Le divorce du majeur protégé est également réformé (C. civ., art. 249). Il peut désormais accepter seul, sans assistance et avec un système de représentation à son profit, le principe de la rupture du mariage, sans considération des faits à l’origine de celle-ci. Le majeur en curatelle exerce l’action lui-même, avec l’assistance de son curateur. Le majeur en tutelle est, pour exercer l’action, représenté par son tuteur. Enfin, lorsqu’une demande de protection est déposée, aucune demande en divorce ne peut être examinée avant la décision du juge des tutelles (en vigueur depuis le 25 mars 2019).
Les majeurs en tutelle souhaitant se pacser pourront le faire sans solliciter l’autorisation préalable du juge des tutelles mais devront être assistés de leur tuteur pour la signature de la convention de Pacs (C. civ., art. 462). Le régime de la tutelle est donc aligné sur celui de la curatelle (en vigueur depuis le 25 mars 2019).

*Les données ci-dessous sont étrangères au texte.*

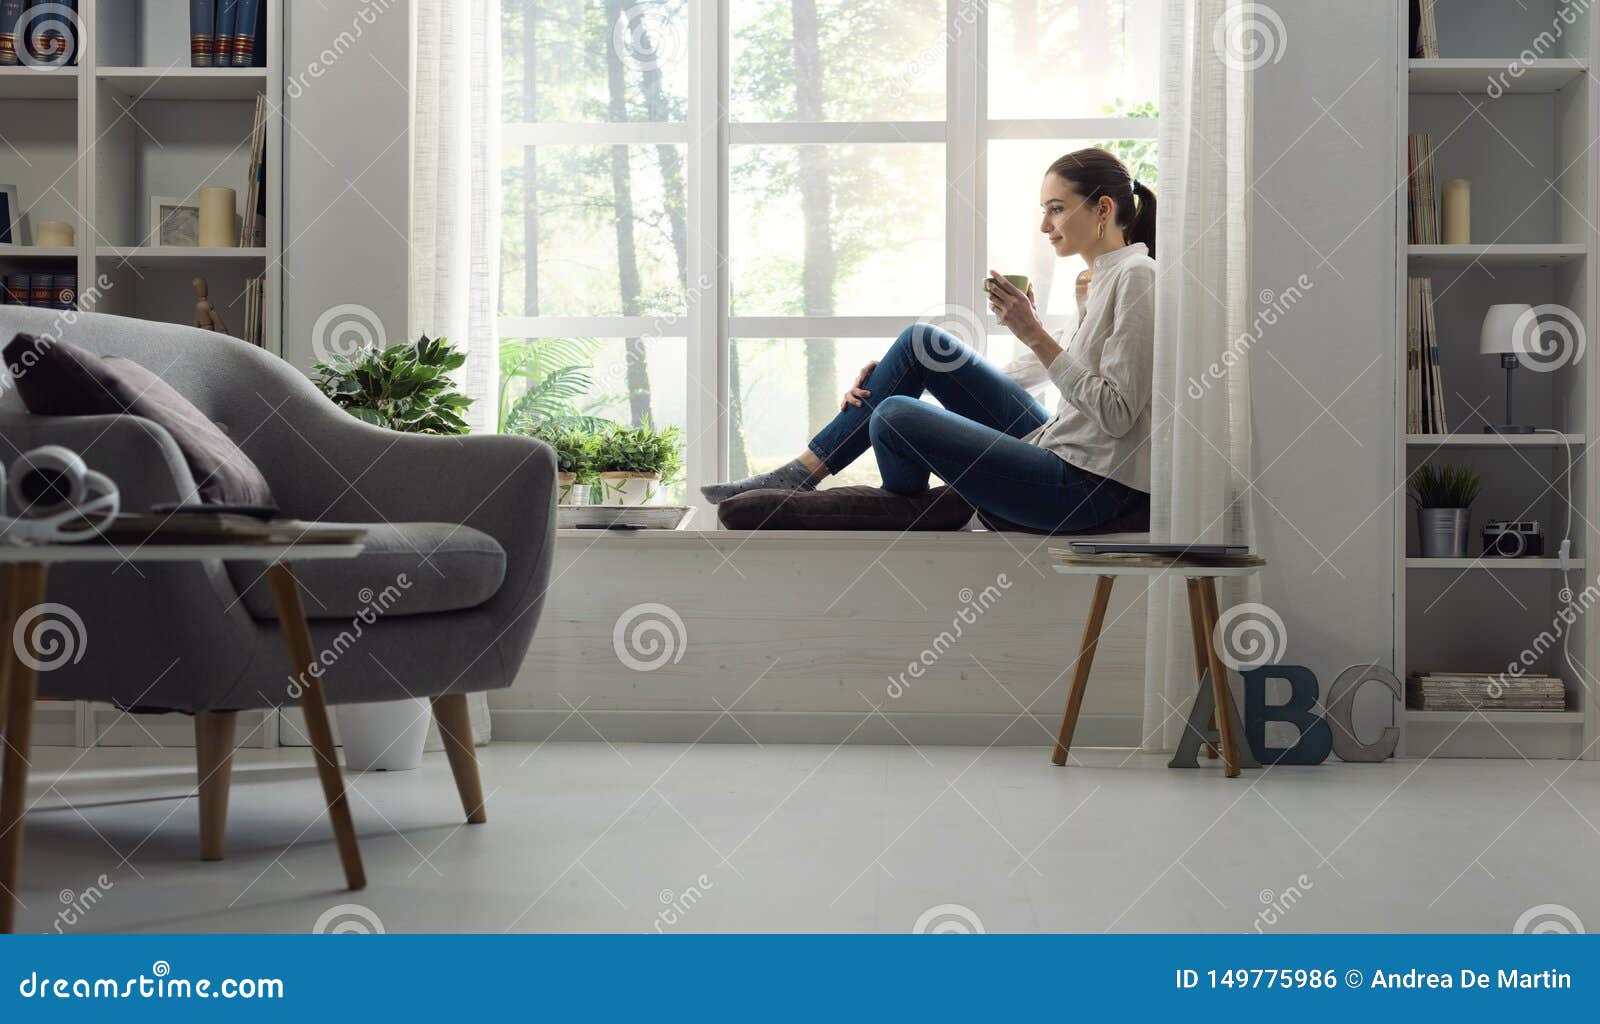 woman relaxing at home and having coffee

■ Sur l’habilitation familiale
L’article 29 de la loi du 23 mars 2019 modifie les règles relatives à l’habilitation familiale. Elle redéfinit les causes d’ouverture de l’habilitation et inclut dorénavant la personne à protéger parmi celles qui sont en droit d’en solliciter l’ouverture (C. civ., art. 494-1). Ainsi, lorsqu'une personne est dans l'impossibilité de pourvoir seule à ses intérêts en raison d'une altération, médicalement constatée, soit de ses facultés mentales, soit de ses facultés corporelles de nature à empêcher l'expression de sa volonté, le juge des tutelles peut habiliter une ou plusieurs personnes choisies parmi ses ascendants ou descendants, frères et sœurs, le conjoint, le partenaire auquel elle est liée par un Pacs ou le concubin à la représenter, à l'assister ou à passer un ou des actes en son nom, afin d'assurer la sauvegarde de ses intérêts (en vigueur depuis le 25 mars 2019).